The tricky part is the simulation of recursive querying which BoM.accb uses, but the code in the demo does that, so you'd just need to transfer this to your own file. The background to this is that I started off by implementing one of the standard algorithms for BoM generation, but then wanted to return the aggregation of the base part weights per product. When I wrote the code to do this, I realised that the same code genearted the BoM itself, so I was able to ditch the original code and achieve both results with one set of code.
 
Which is why we call it a RELATIONAL database.
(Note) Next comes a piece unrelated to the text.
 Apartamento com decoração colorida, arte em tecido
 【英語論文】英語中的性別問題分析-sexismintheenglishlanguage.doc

Date has some interesting things to say on this:

Let {H} be a tuple heading and let t1, t2 …, tm be distinct tuples with heading {H}. The combination, r say, of {H} and the set of tuples {t1, t2 …, tm} is a relation value (or just a relation for short) over the attributes A1, A2, …, An, where A1, A2, …, An are the attributes in {H}. The heading of r is {H}; r has the same attributes, (and hence the same attribute names and types) and the same degree as the heading does. The body of r is the set of tuples {t1, t2 …, tm}. The value m is the cardinality of r.
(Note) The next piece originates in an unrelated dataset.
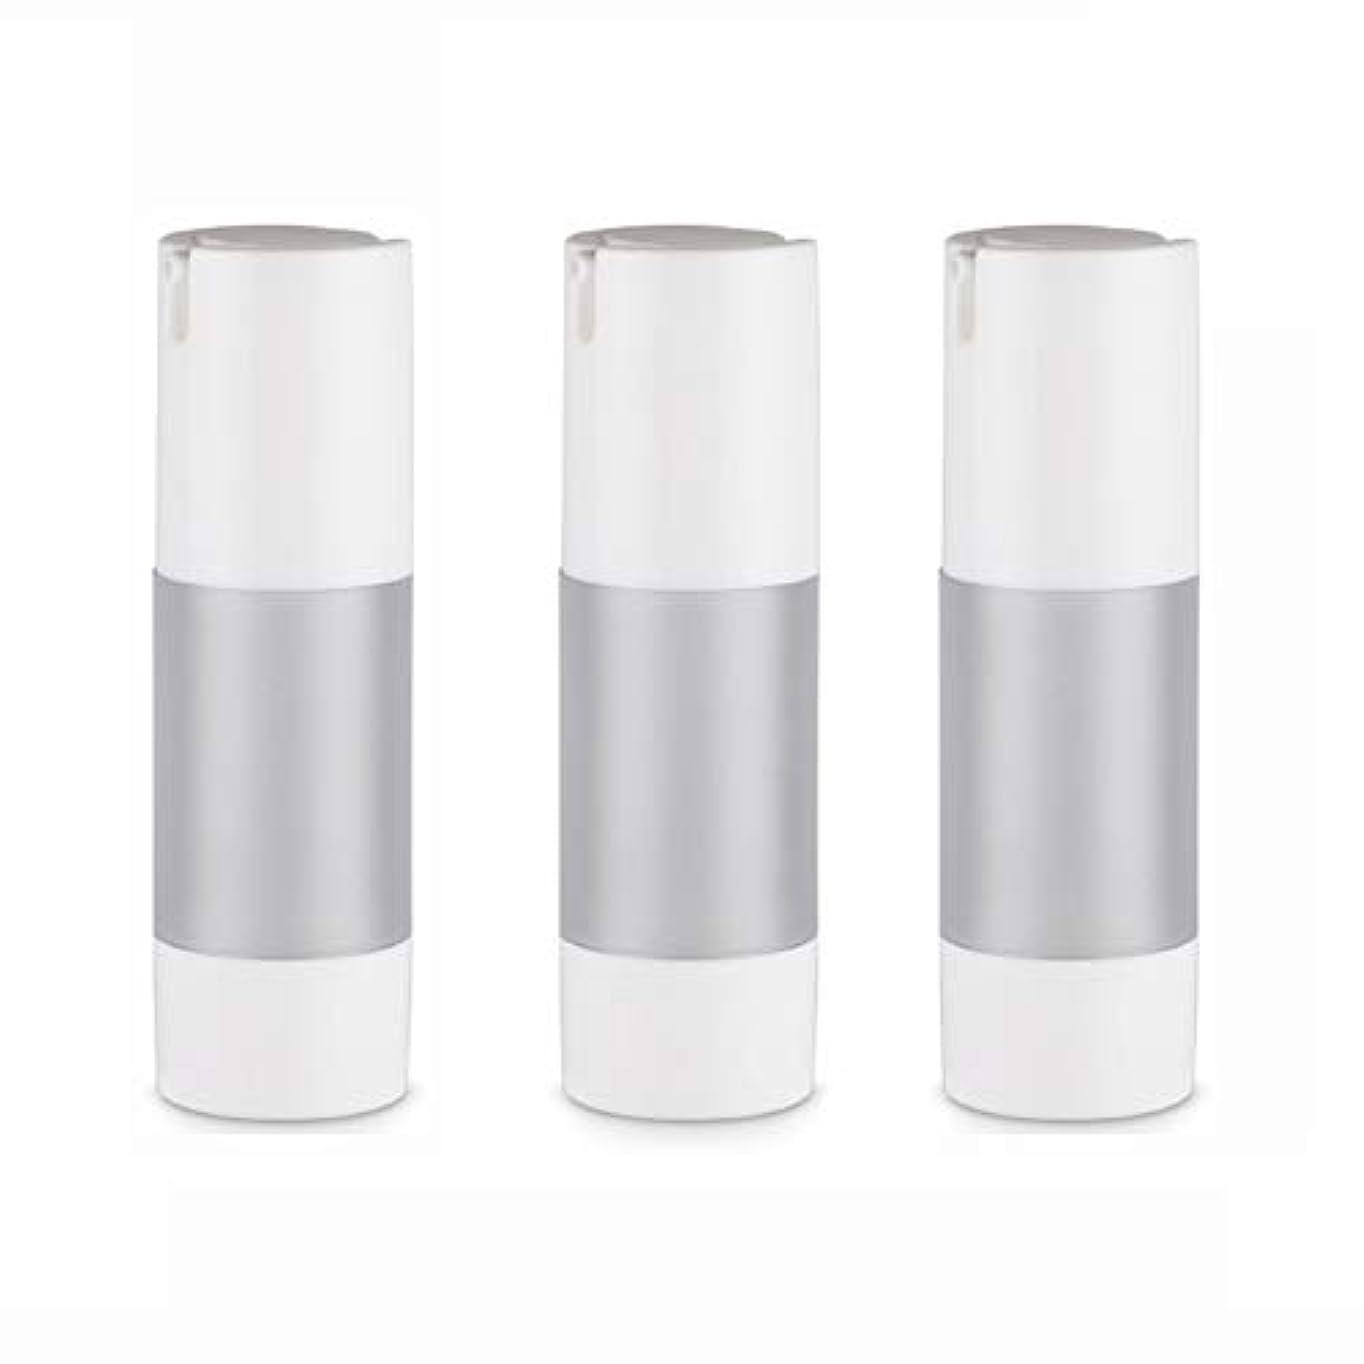 肥料メニュー宇宙の小分けボトル 乳液 3本セット ディスペンサー ボトル シャンプー ボディーソープ ポンプボトル 真空 ボトル 詰替用ボトル 旅行用 (乳液30ml)

……..I will at least explain why we call such things relations. Basically, each tuple in a relation represents an n-ary relationship, in the ordinary natural-language sense, among a set of n values (one value for each tuple attribute), and the full set of tuples in a given relation represents the full set of such relationships that happens to exist at some given time – and, mathematically speaking, that's a relation. Thus, the "explanation" often heard, to the effect that the relational model is so called because it lets us "relate one table to another" though accurate in a kind of secondary sense, really misses the basic point. The relational model is so called because it deals with certain abstractions that we can think of as "tables" but are known, formally, as relations in mathematics.

C J Date, 'Database in Depth – Relational Theory for Practitioners' 2005, p45 sq.
 
Ken, I was considering the audience. I'm more pragmatic than theoretical when it comes to relational issues.
 
I find the theoretical stuff fascinating. I greatly regret that I never learnt mathematics to a more advanced level, to be able to understand the basis of theory better. I have an inkling of what the relational algebra is all about, but I'm lost when it comes to the relational calculus.